Connected to mumble.test.com.
220 mumble.test.com -- Server ESMTP (iPlanet Messaging Server 5.2 HotFix 2.14 (built Aug 8 2006))
helo test.com
250 mumble.test.com OK, gyruss.test.COM [1.2.3.5].
mail from: adfa@adfad.com
250 2.5.0 Address Ok.
rcpt to:cuiyuming@partner.aaaa.com
550 5.7.1 You_Are_Not_allowed: cuiyuming@partner.aaaa.com
The log you supplied seemed fine - the channels and addresses are correct and should have triggered the mapping rule. All I can suggest is that you try a later hotfix (iMS5.2 patch 2) in your test environment to see if you still have the issue and if you do then log a support call. The patch you are running is over 2 years old so chances are if there was a bug it has been fixed.
Regards,
Shane.
# 6
hi,shane,
the problem was solved partially!
i have do as so in SEND_ACCESS section:
tcp_local|*|tcp_intranet|@mstore.partner.huawei.com:cuiyuming@partner.huawei.co m $N$D30|You_Are_Not_allowed
my server have three layers: mta--trend--mstore
that mailbox is on the third layer!
it seems that we must set the rcpt address rewrited...
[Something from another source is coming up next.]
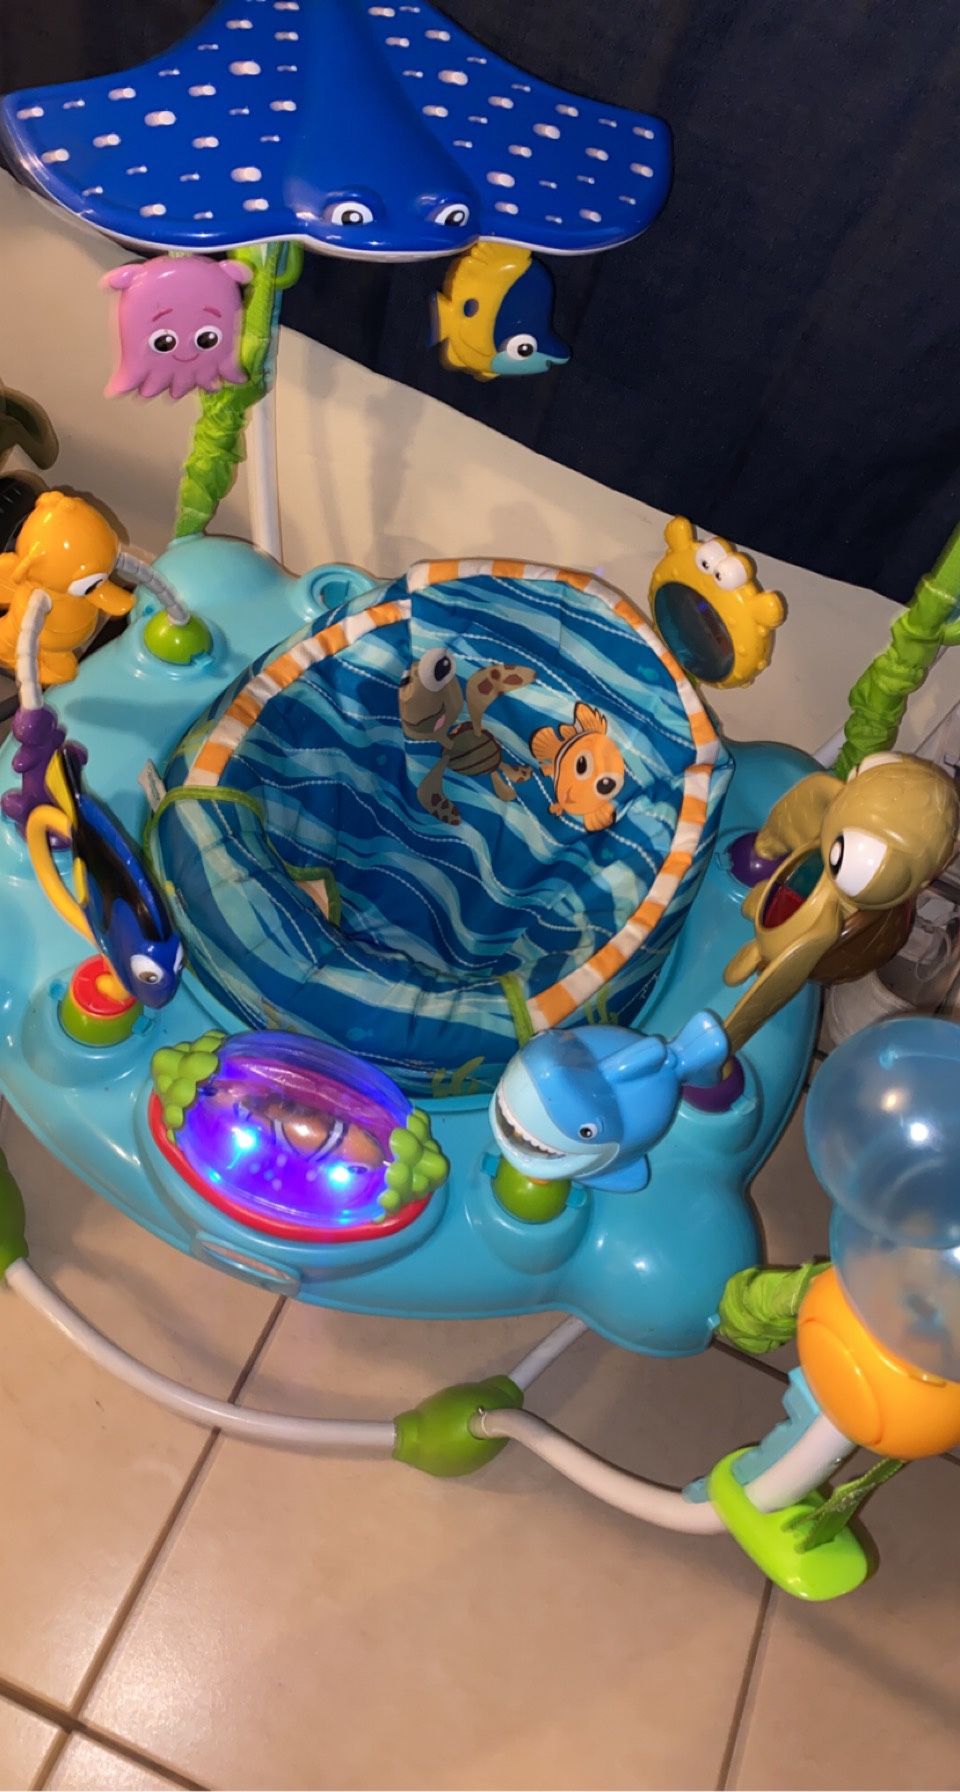 Disney baby finding Nemo Sea of activities jumper
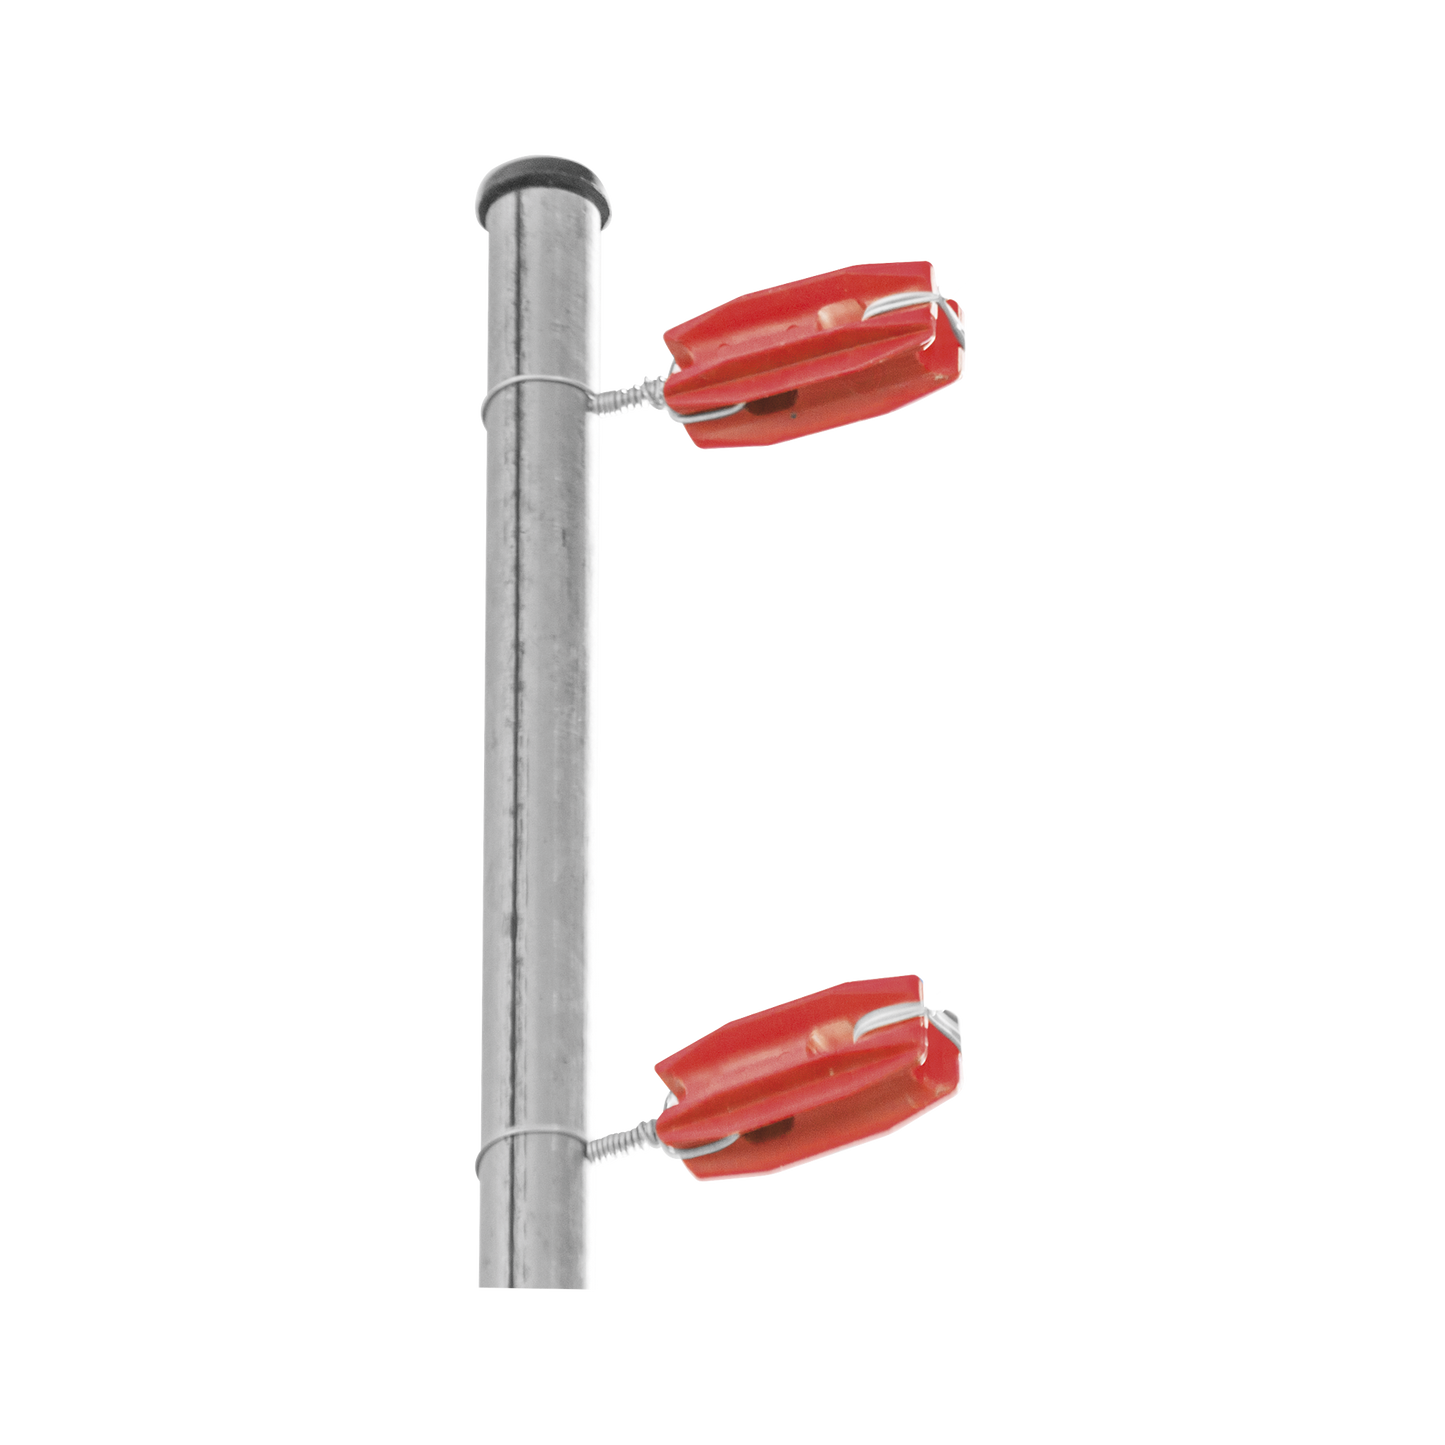 Aislador de color Rojo para postes de esquina de alta Resistencia con Anti UV de uso en cercos eléctricos

i download the patch 2,i will test it!
thanks a lot!
# 7
If your relay system allows tcp_local to tcp_local,then something in your configuration is terribly flawed.
Your internal systems should be on tcp_intranet, not tcp_local.
THe name may be confusing, but . .
tcp_local is for EXTERNAL addresses, such as the internet in general
tcp_intranet is for INTERNAL addresses. Yours.